== ACTIVITY ==
Below is a listing. Return the lines from the one that contains "ScamShield (Android) Launched" to the one that contains "how to twist candlesticks", both ends included, verbatim and with no pictures.

== INFORMATION GIVEN ==
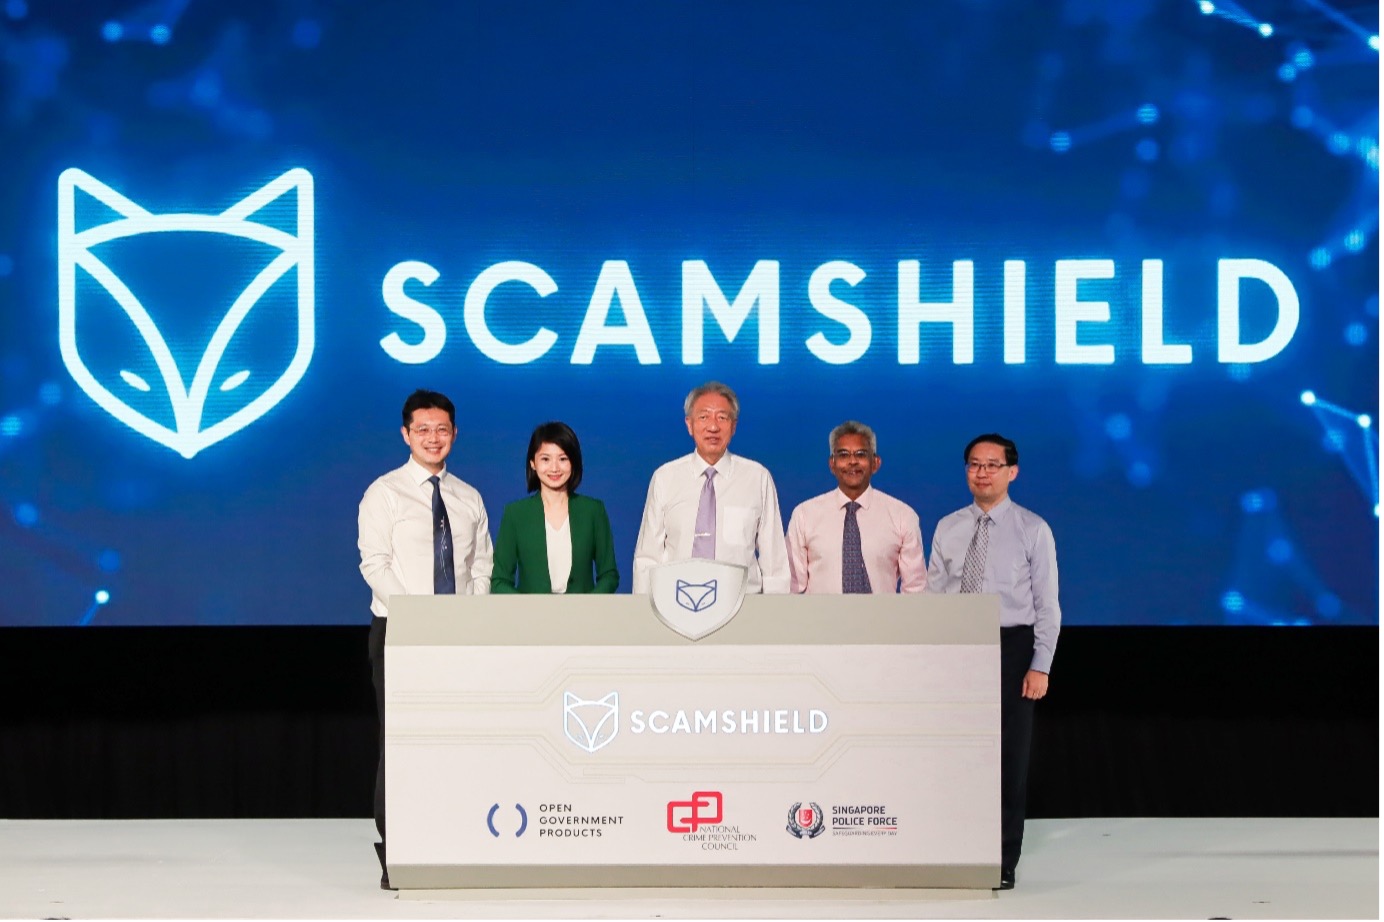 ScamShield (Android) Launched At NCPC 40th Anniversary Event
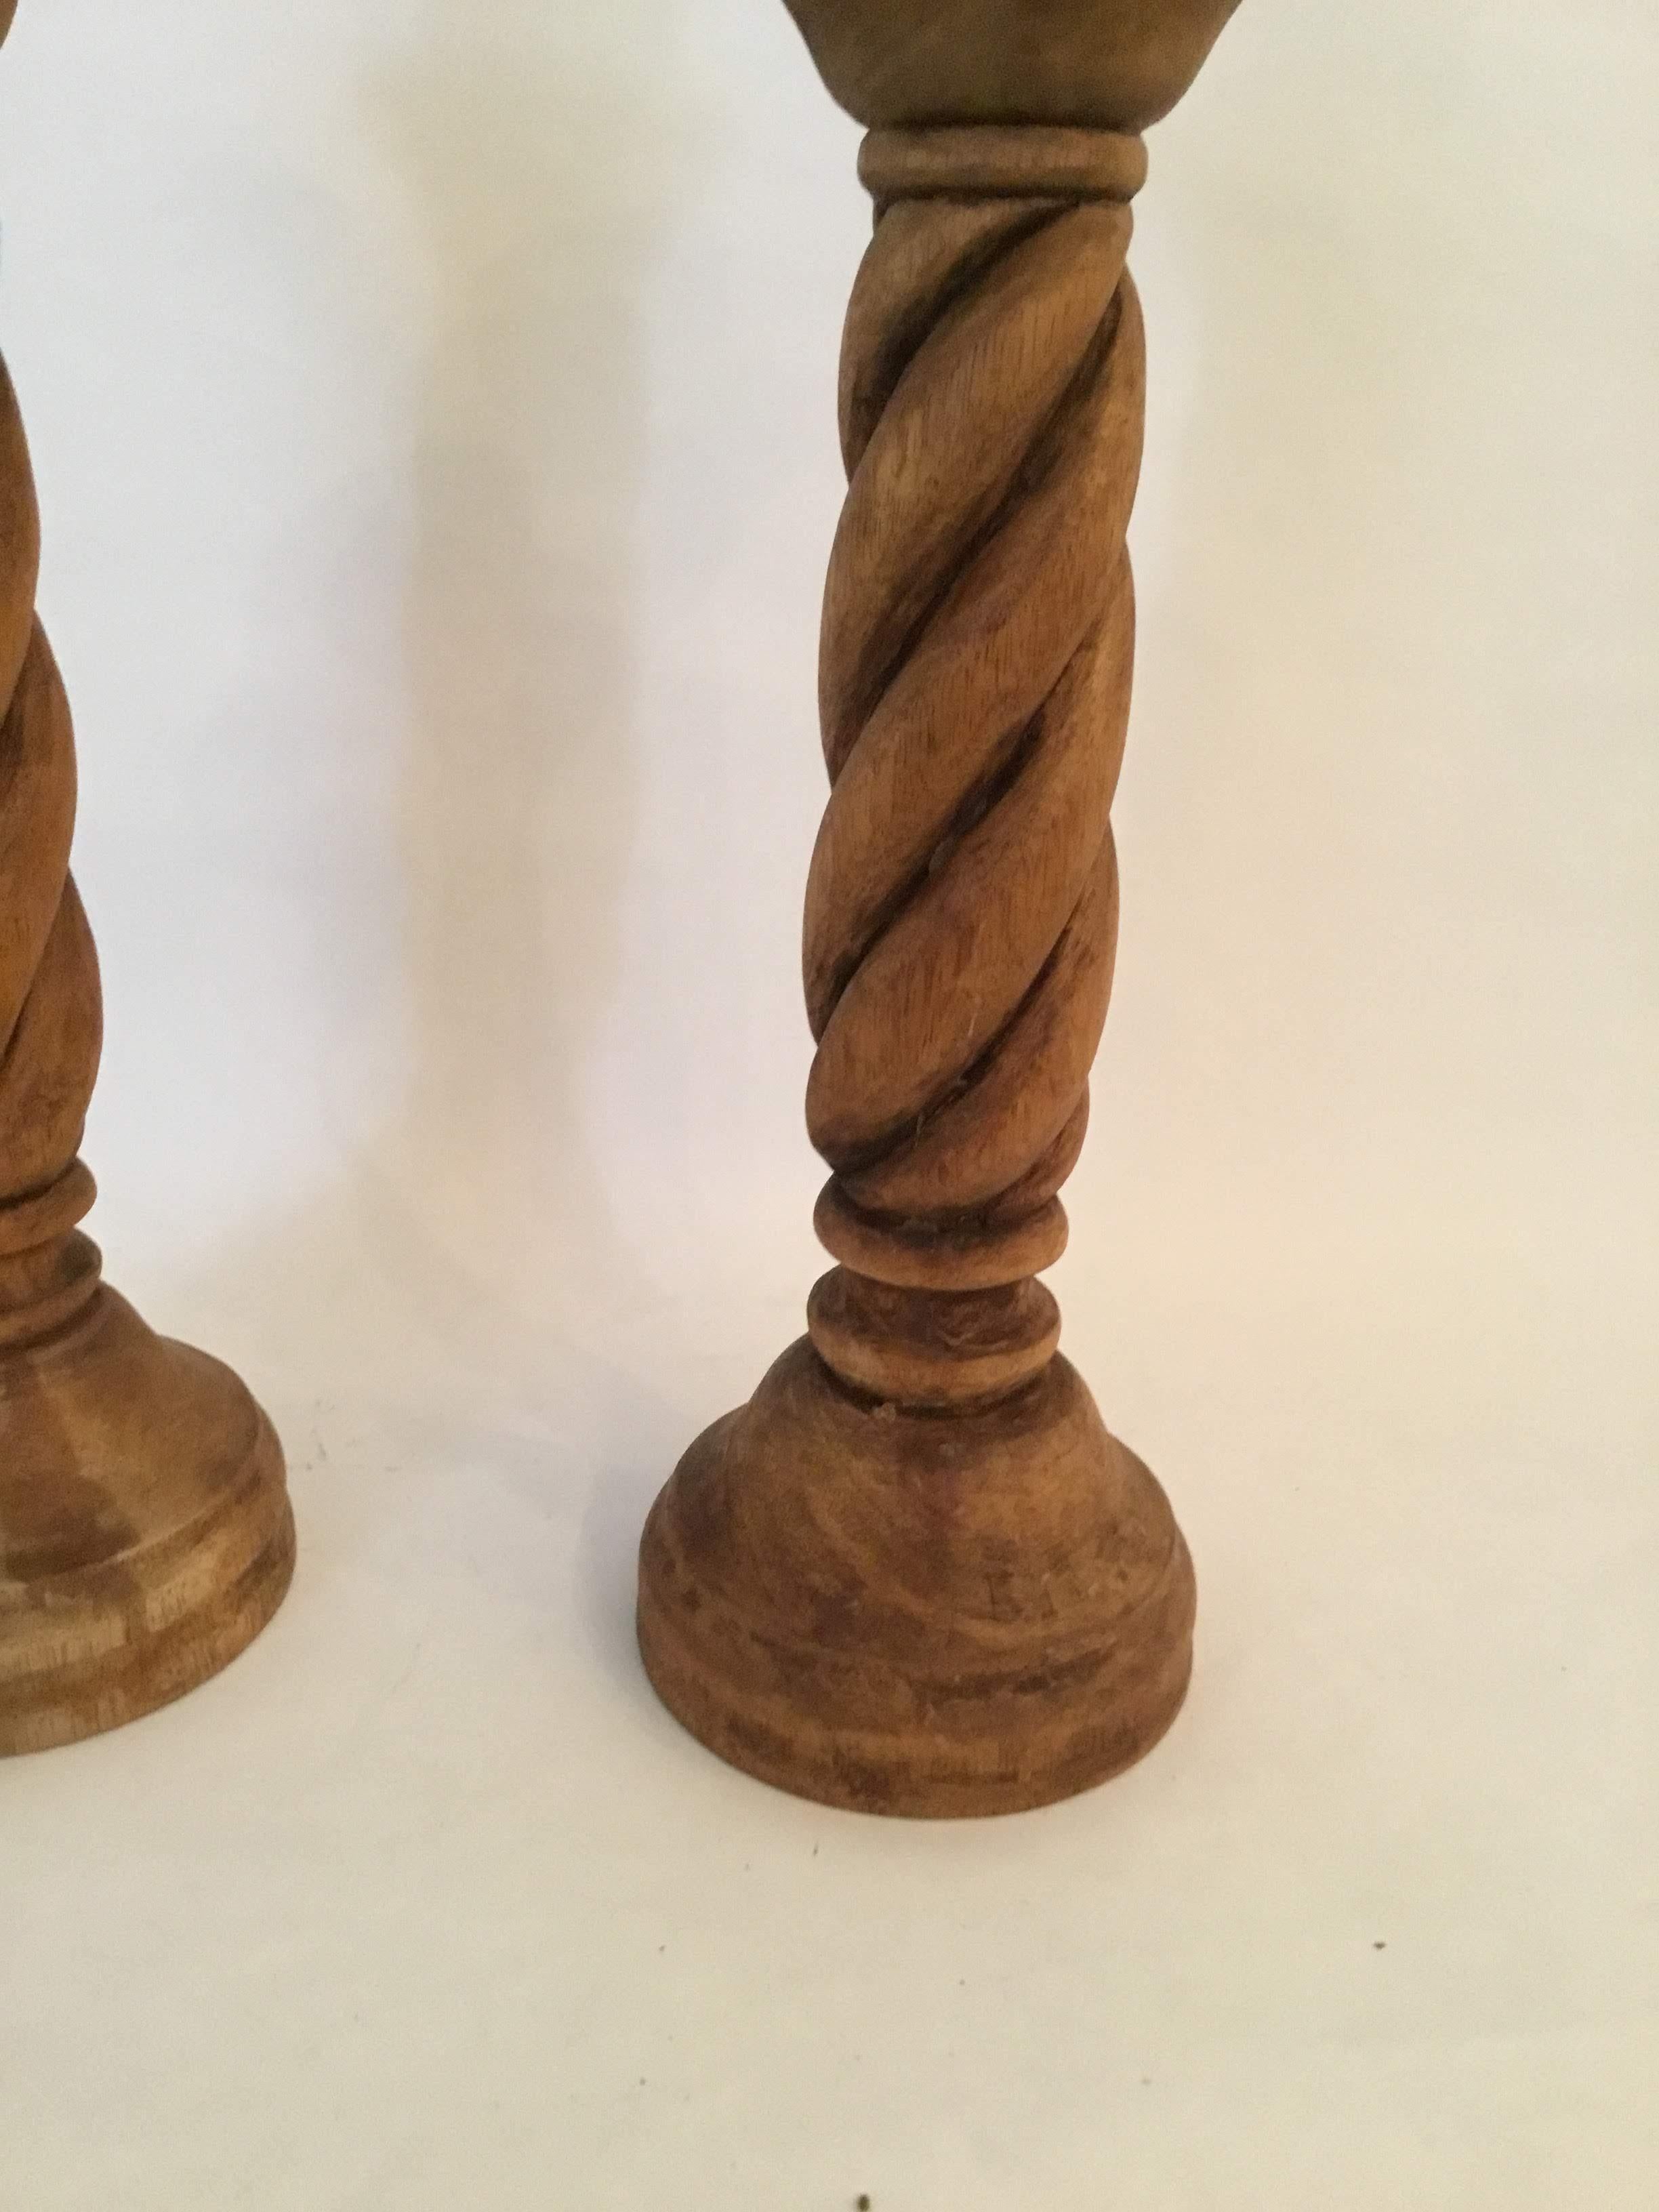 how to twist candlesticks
==
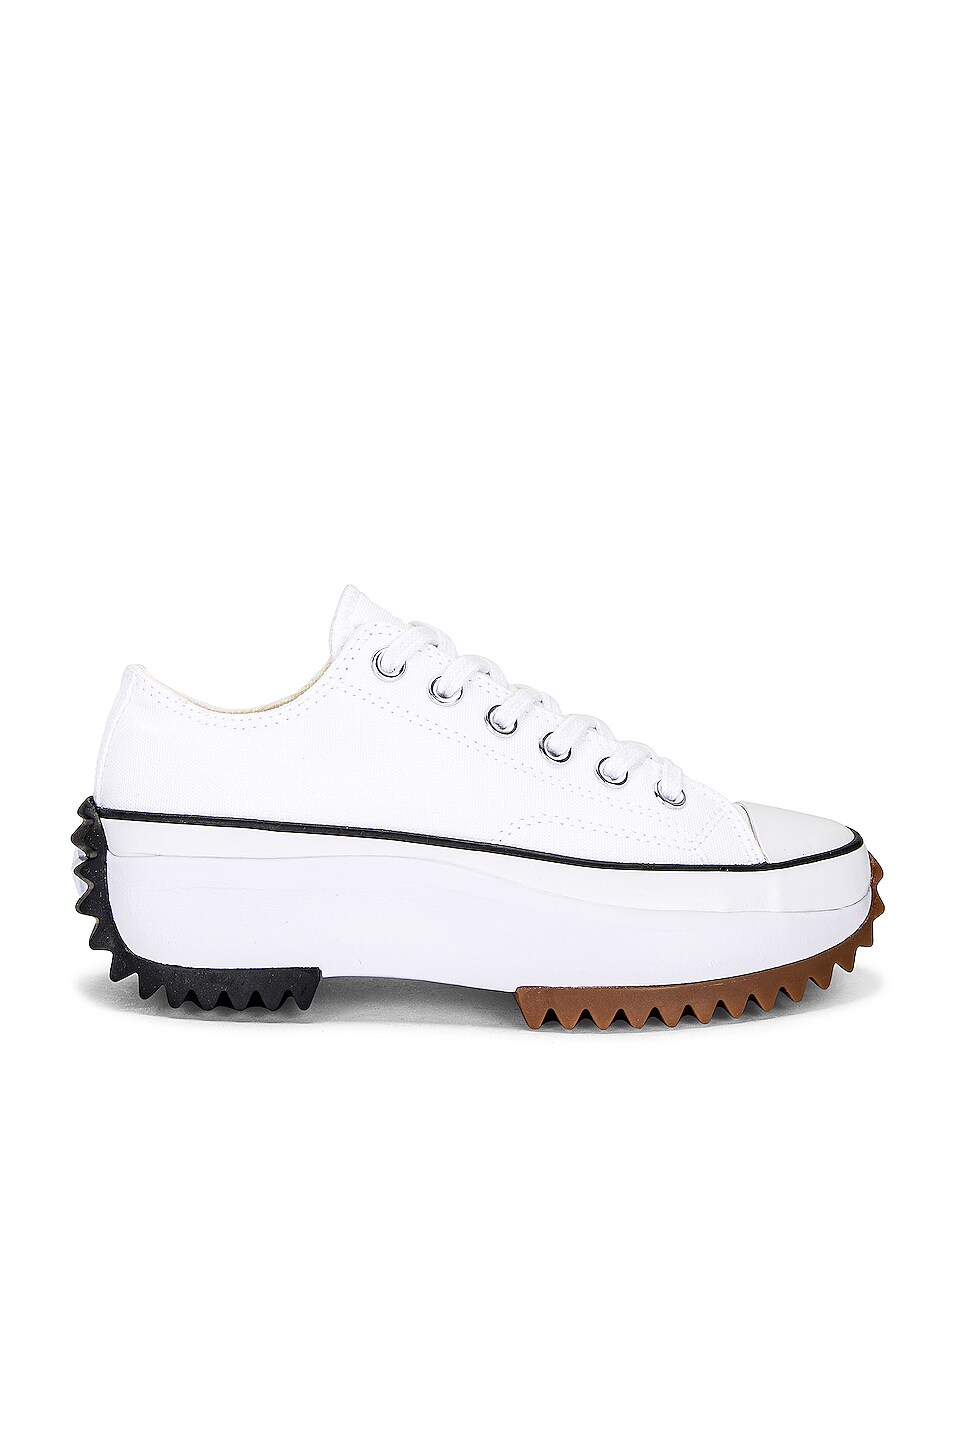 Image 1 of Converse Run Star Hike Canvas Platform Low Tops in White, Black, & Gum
---
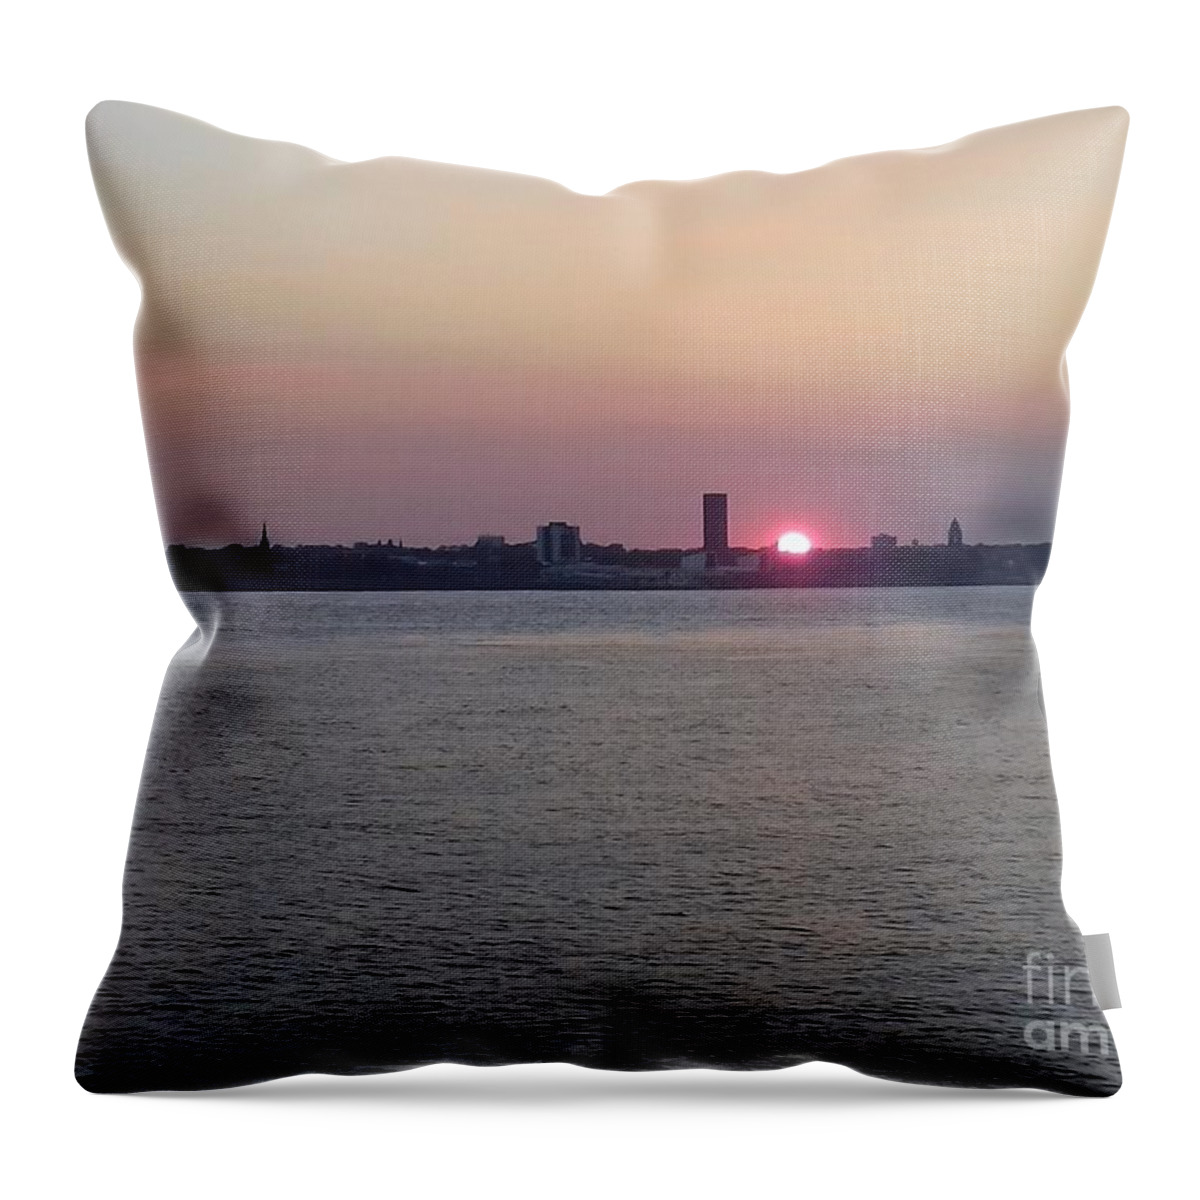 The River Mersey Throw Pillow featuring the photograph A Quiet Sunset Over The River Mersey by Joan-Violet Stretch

== YOUR RESPONSE ==
 ScamShield (Android) Launched At NCPC 40th Anniversary Event
 how to twist candlesticks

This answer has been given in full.